What to work on: Copy each line below word for word and drop every image.

Data for processing:

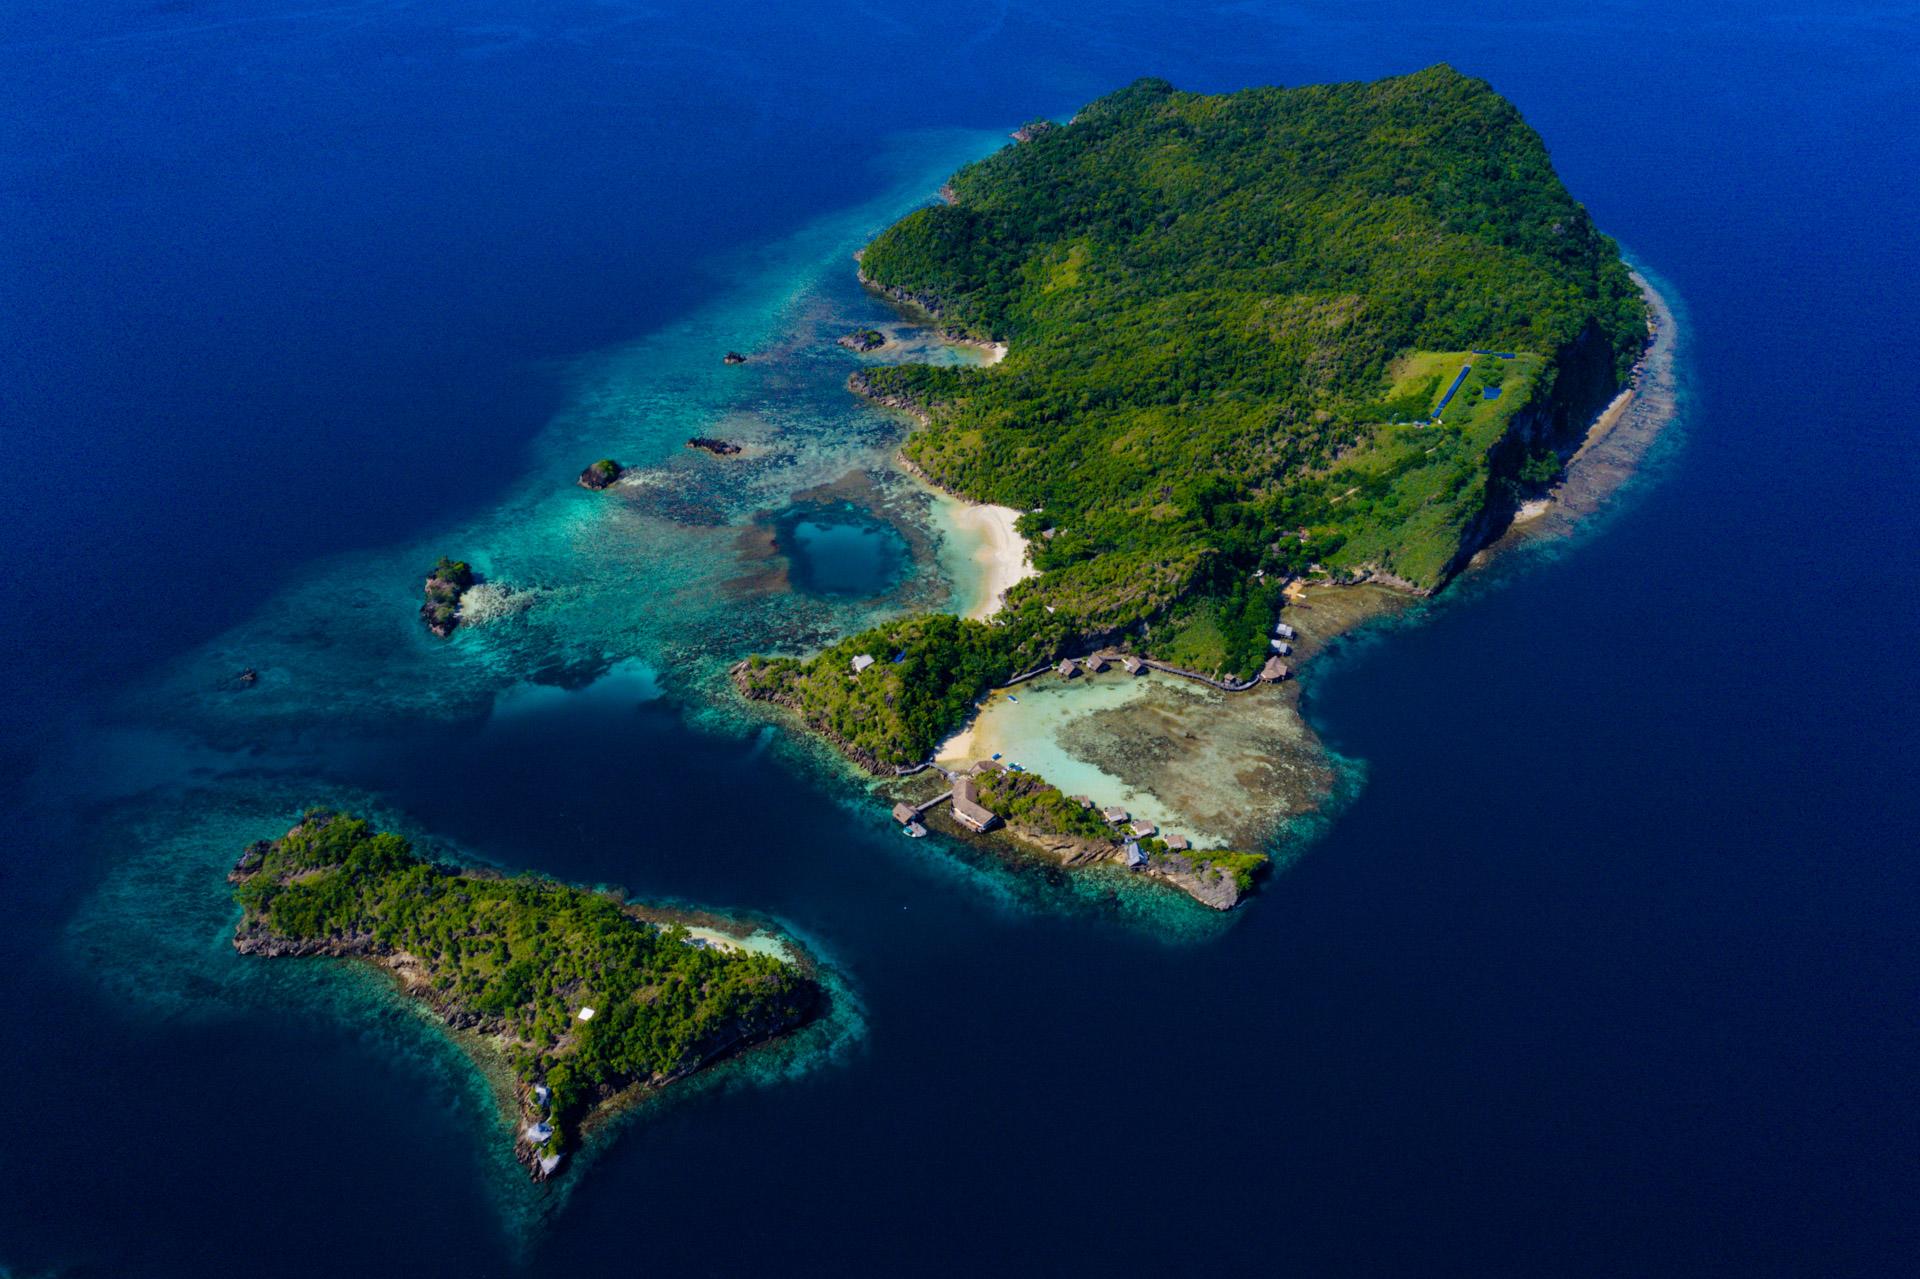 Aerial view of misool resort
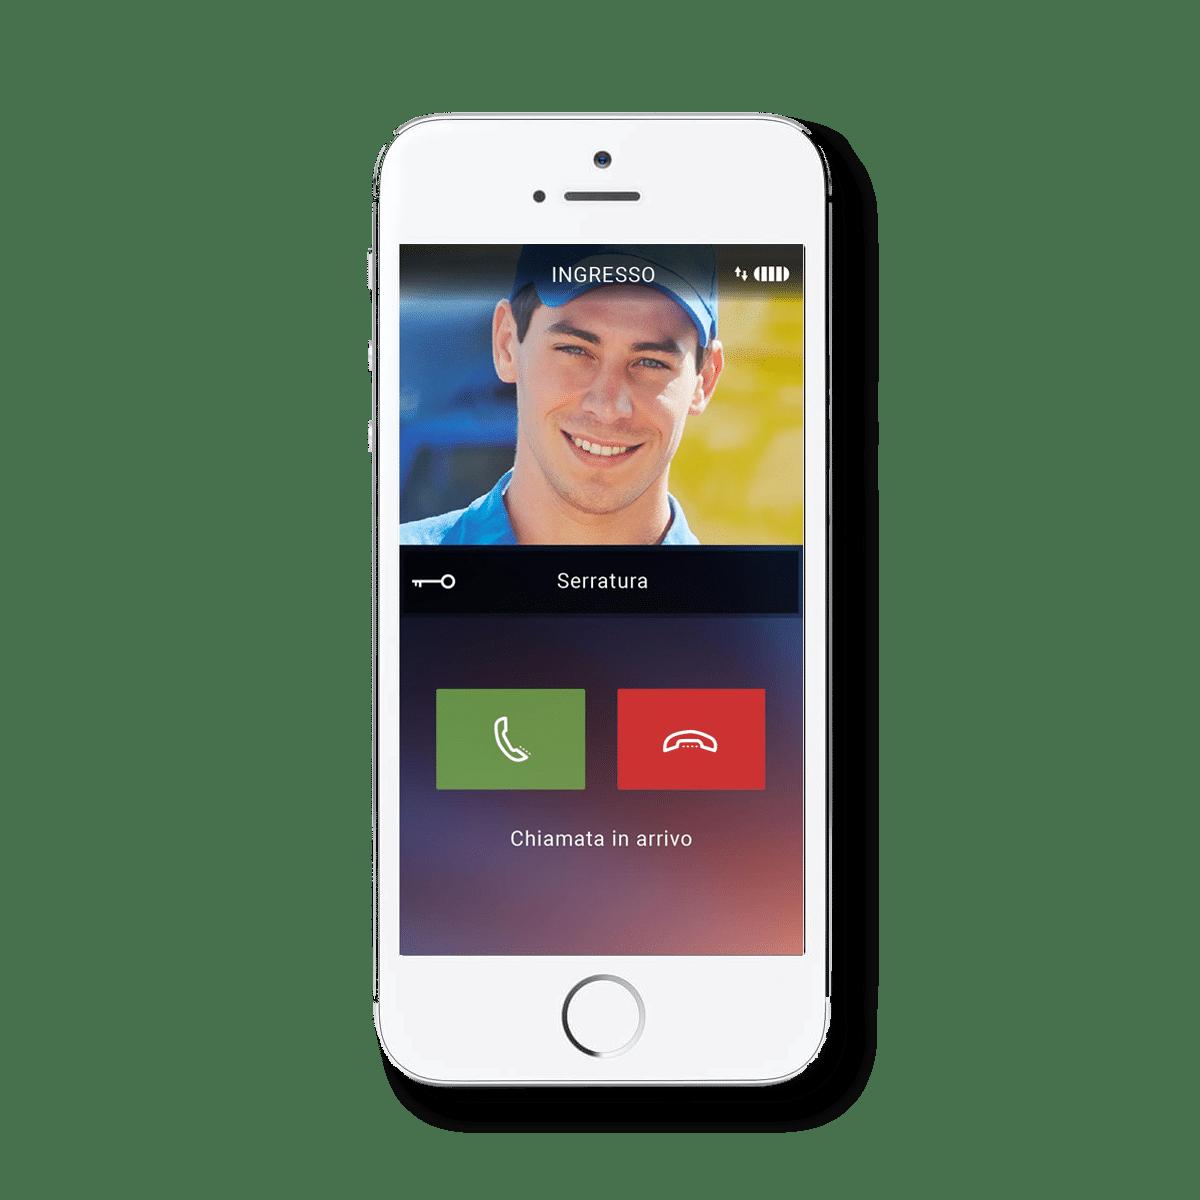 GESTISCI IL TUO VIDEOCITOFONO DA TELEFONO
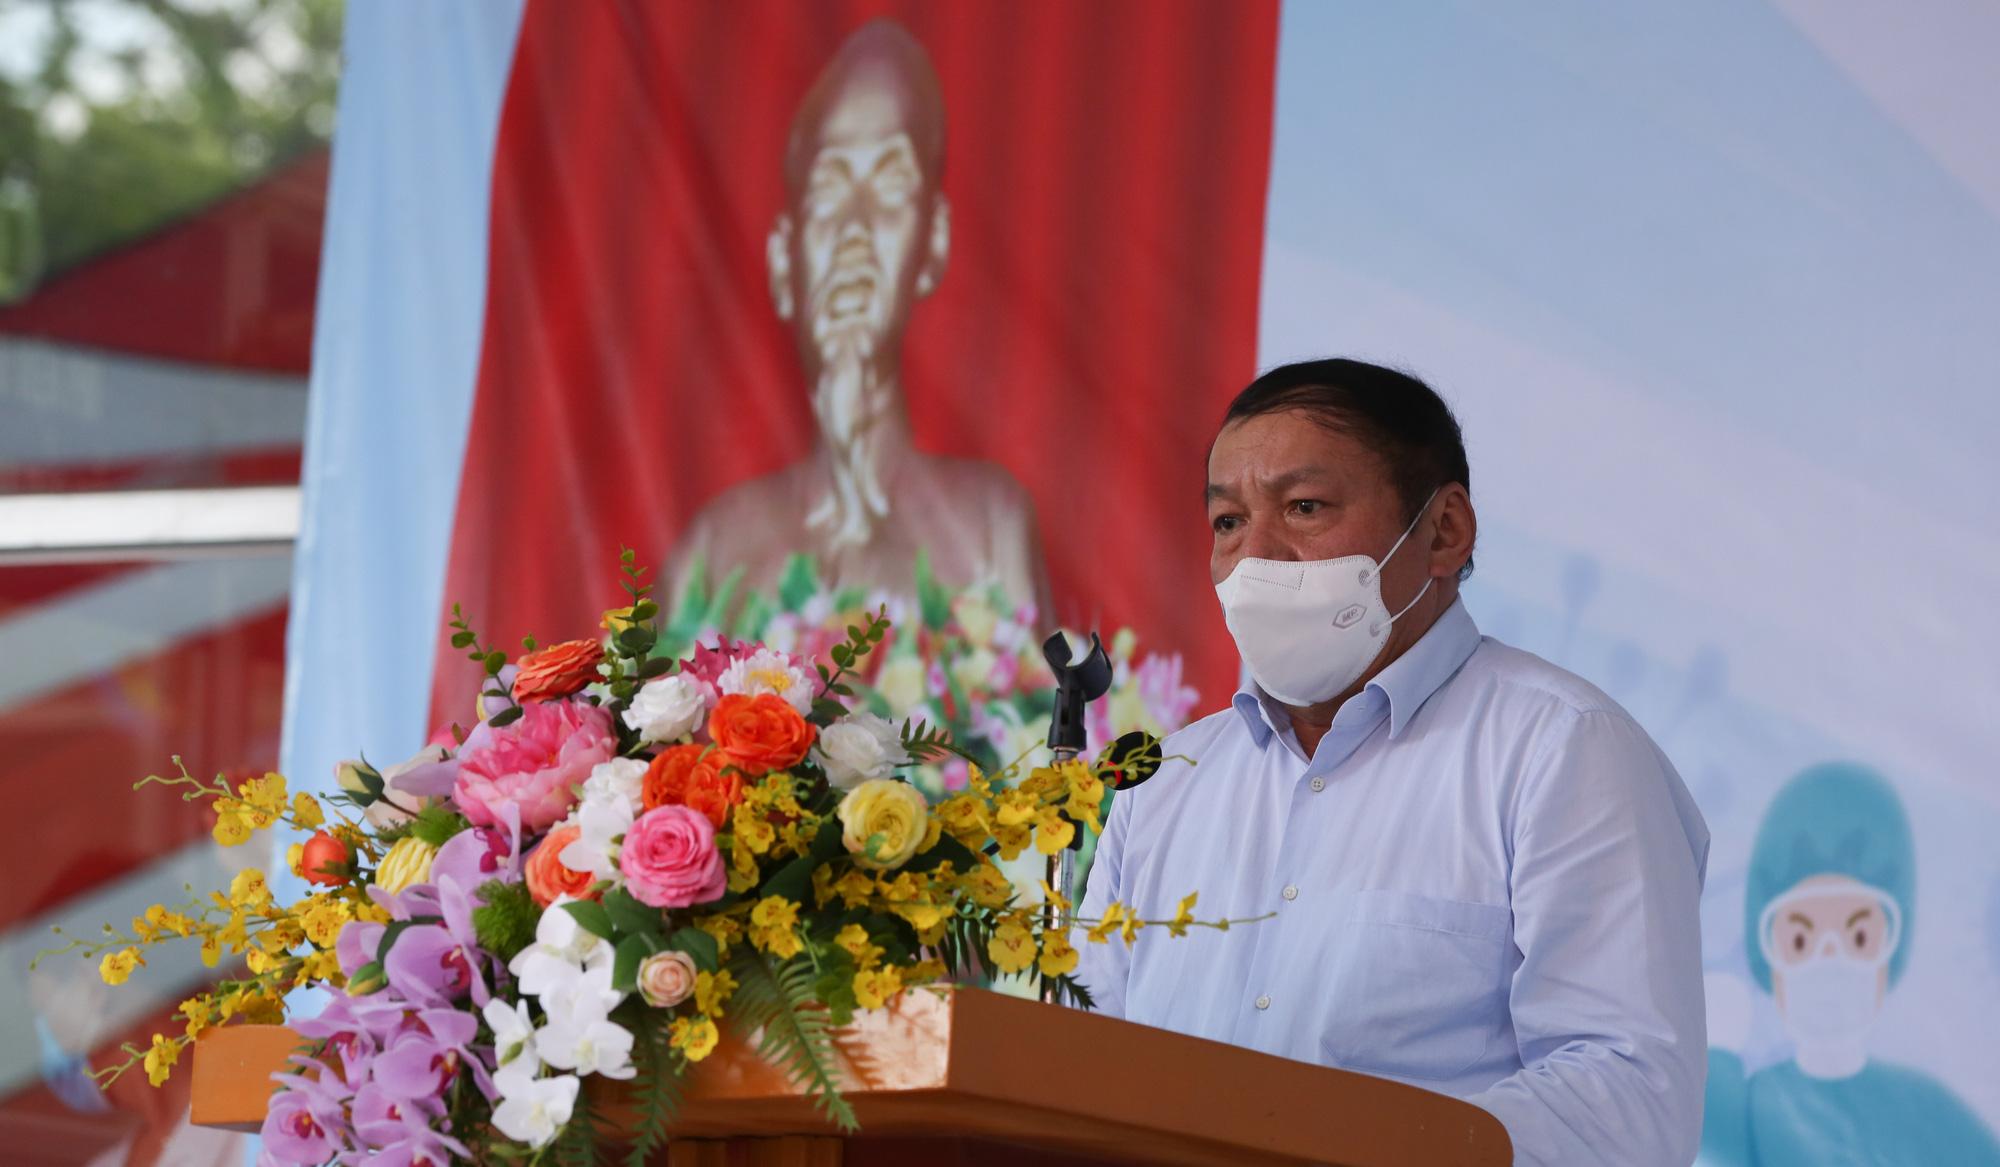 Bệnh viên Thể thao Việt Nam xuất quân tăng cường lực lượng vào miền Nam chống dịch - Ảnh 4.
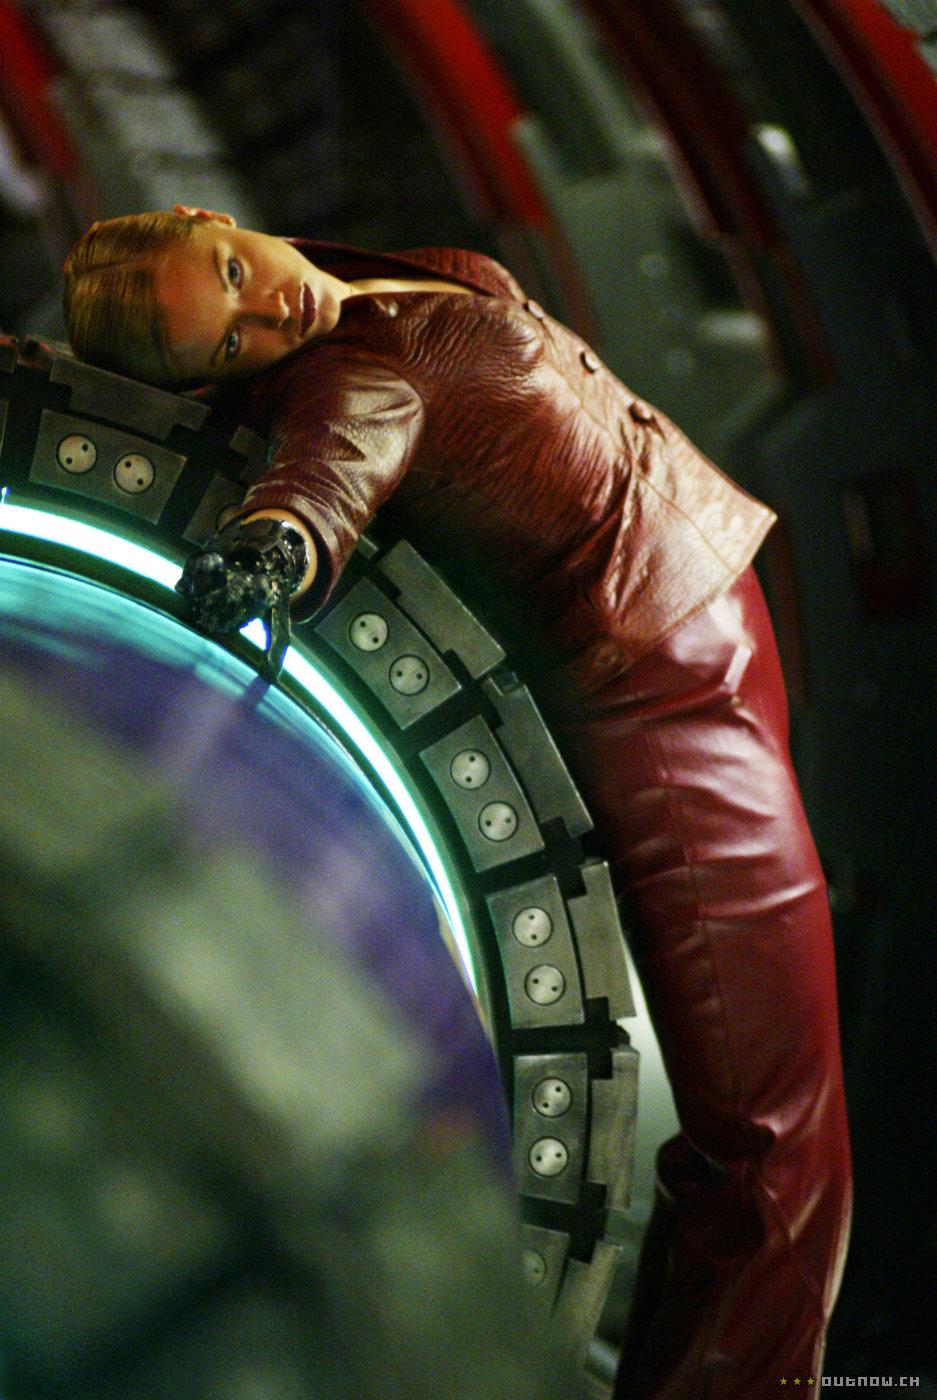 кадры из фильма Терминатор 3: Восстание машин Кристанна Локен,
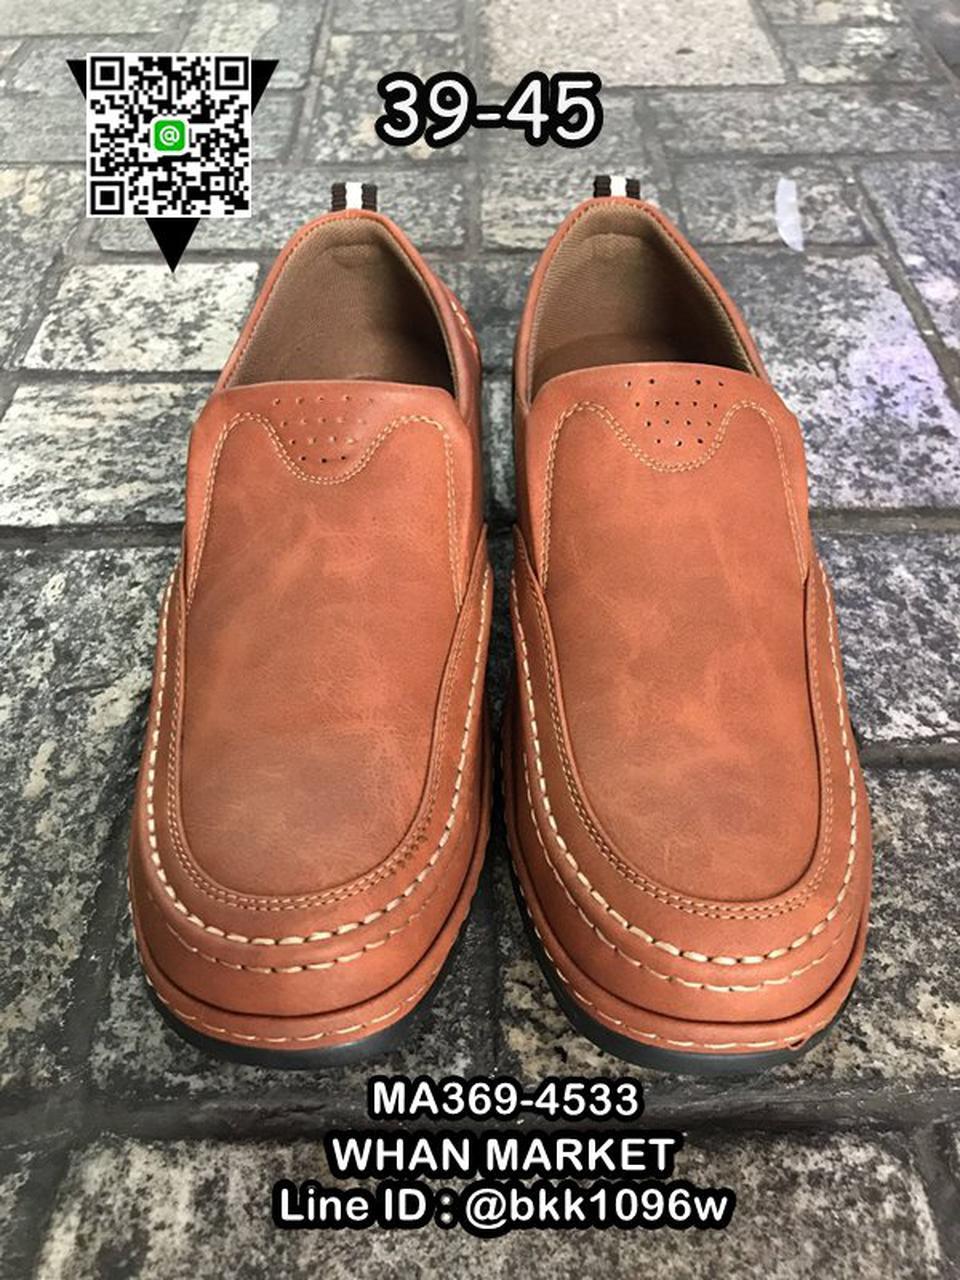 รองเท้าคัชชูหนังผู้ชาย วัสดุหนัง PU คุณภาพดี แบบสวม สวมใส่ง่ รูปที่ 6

Response:
 Aerial view of misool resort
 GESTISCI IL TUO VIDEOCITOFONO DA TELEFONO
 Bệnh viên Thể thao Việt Nam xuất quân tăng cường lực lượng vào miền Nam chống dịch - Ảnh 4.
 кадры из фильма Терминатор 3: Восстание машин Кристанна Локен,
 รองเท้าคัชชูหนังผู้ชาย วัสดุหนัง PU คุณภาพดี แบบสวม สวมใส่ง่ รูปที่ 6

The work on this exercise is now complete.